'''
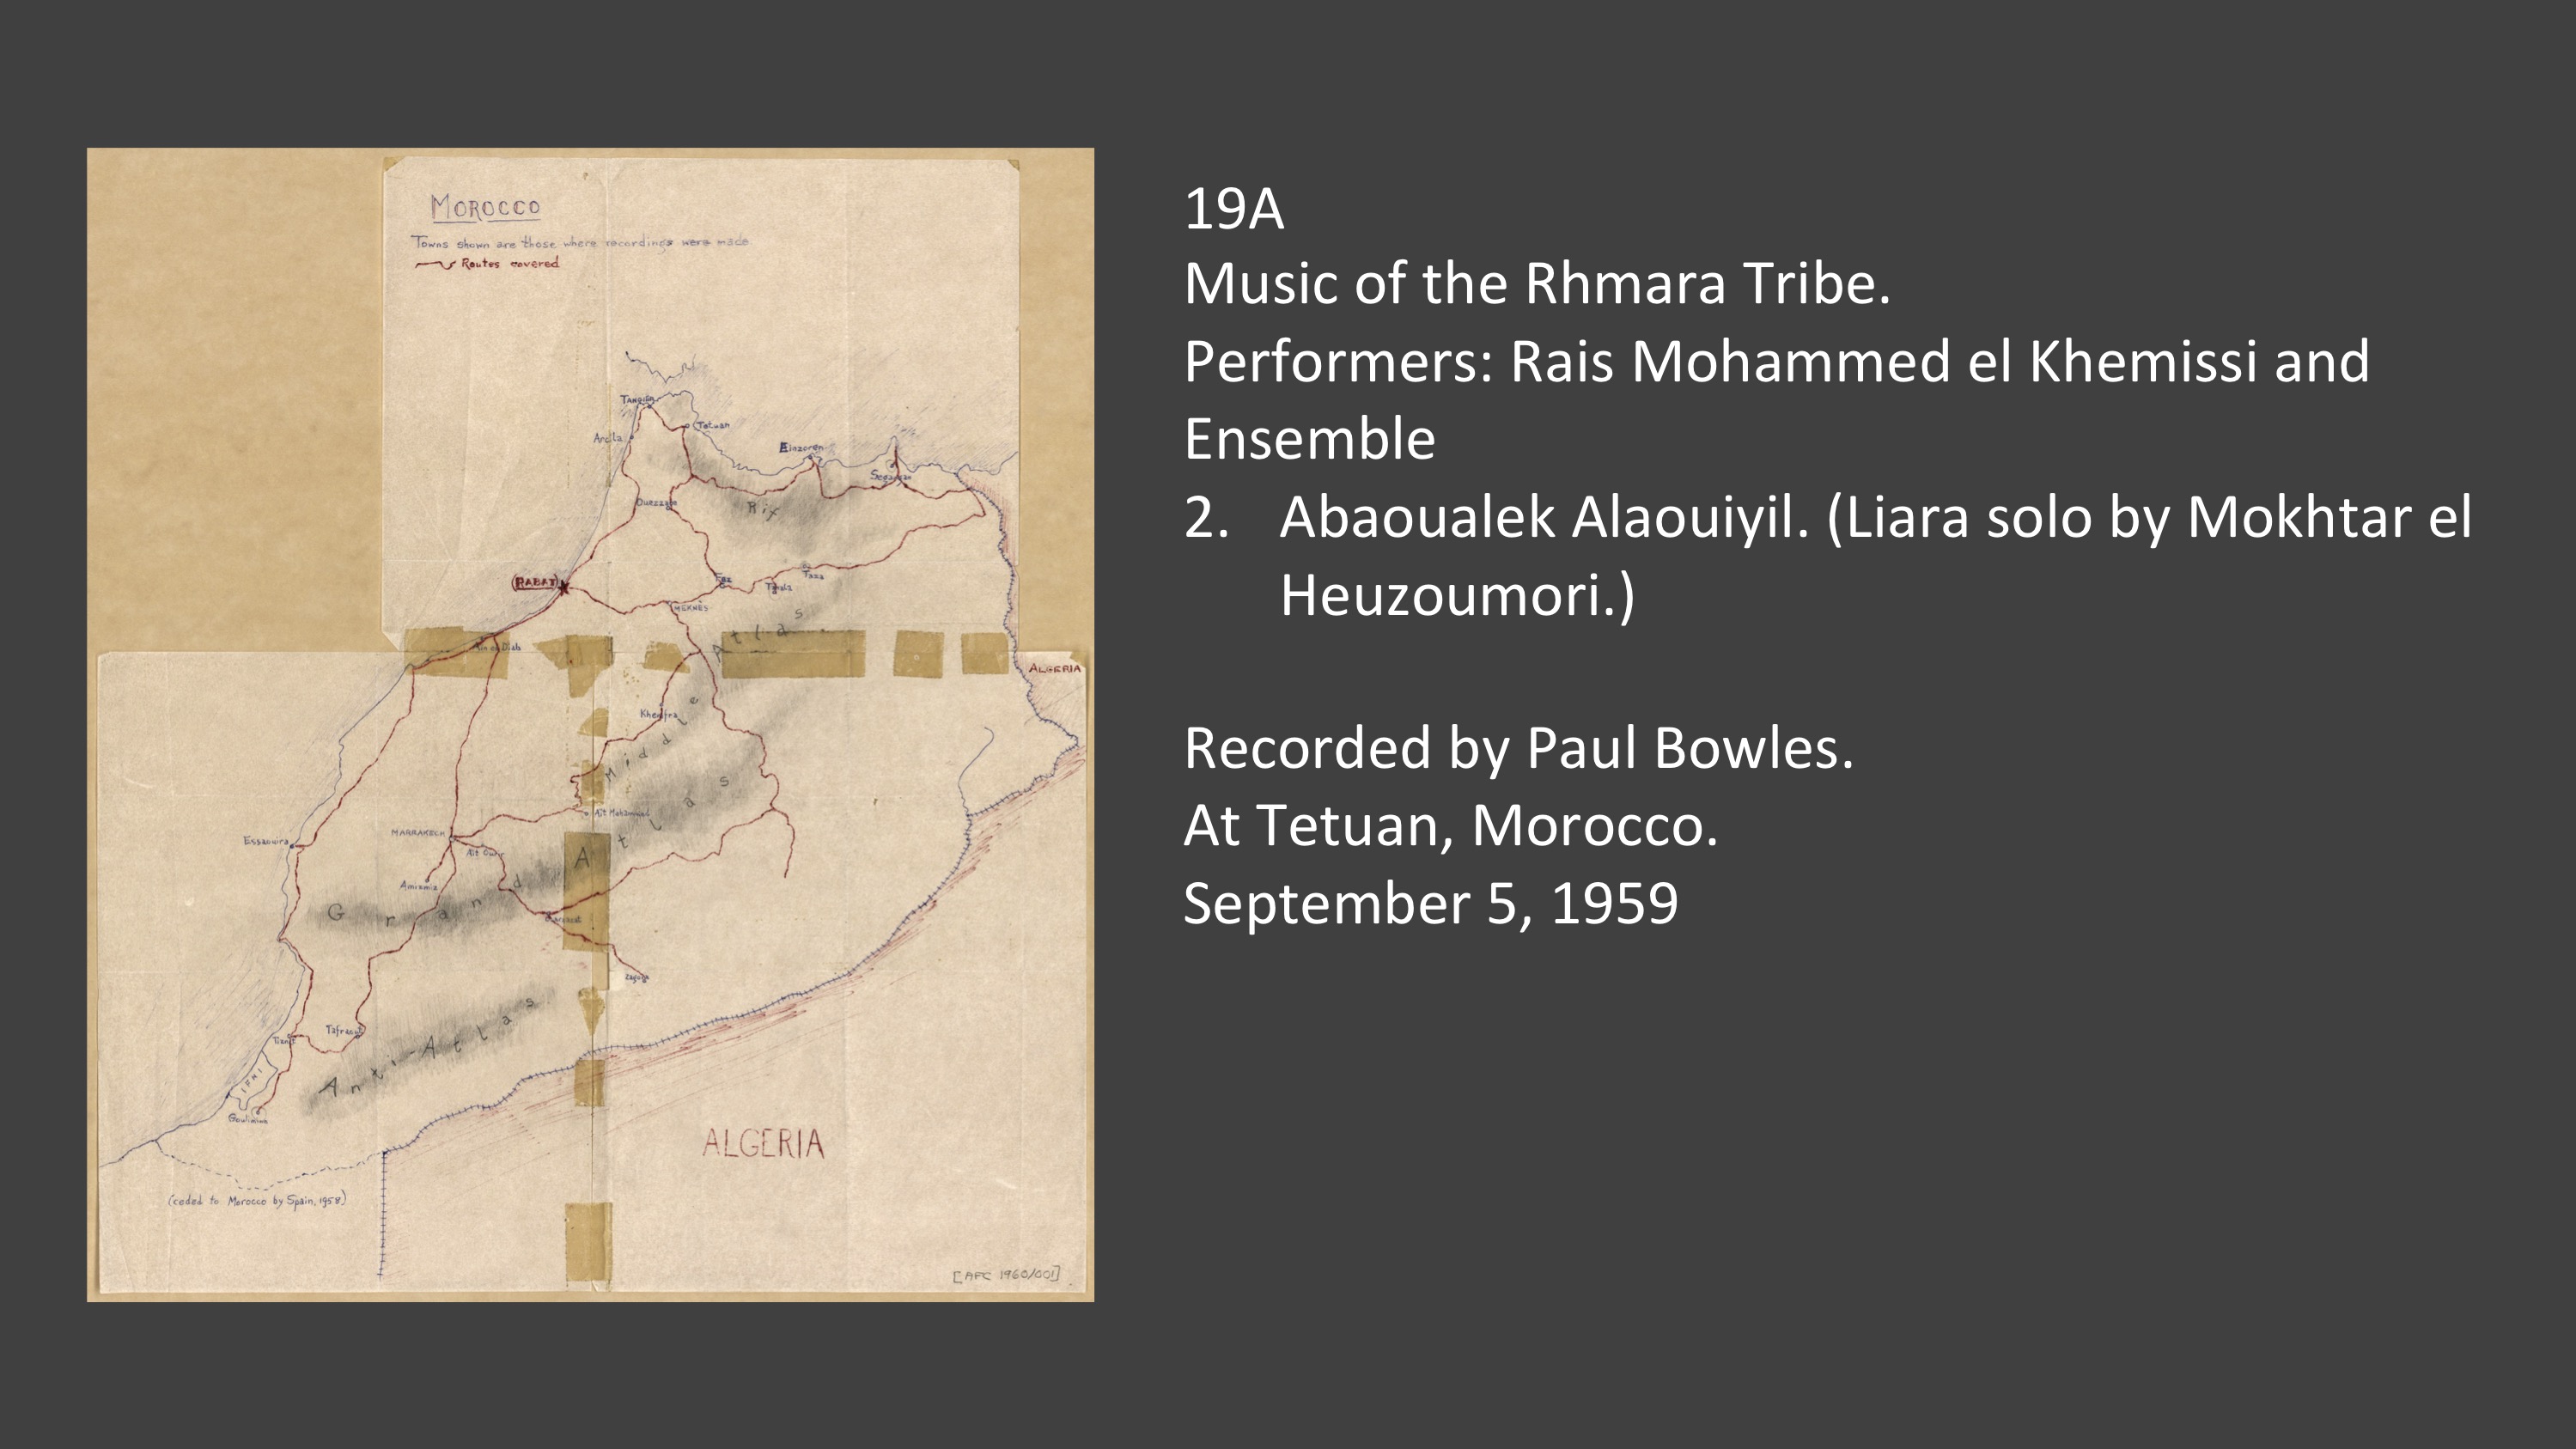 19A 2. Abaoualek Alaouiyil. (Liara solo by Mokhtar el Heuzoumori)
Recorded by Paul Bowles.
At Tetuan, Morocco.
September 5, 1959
'''
**Your assignment**
Look above for the line containing "Recorded by Paul Bowles.", then transcribe it and all lines after it through the last, exactly and with nothing else.

**Reply to the task**
Recorded by Paul Bowles.
At Tetuan, Morocco.
September 5, 1959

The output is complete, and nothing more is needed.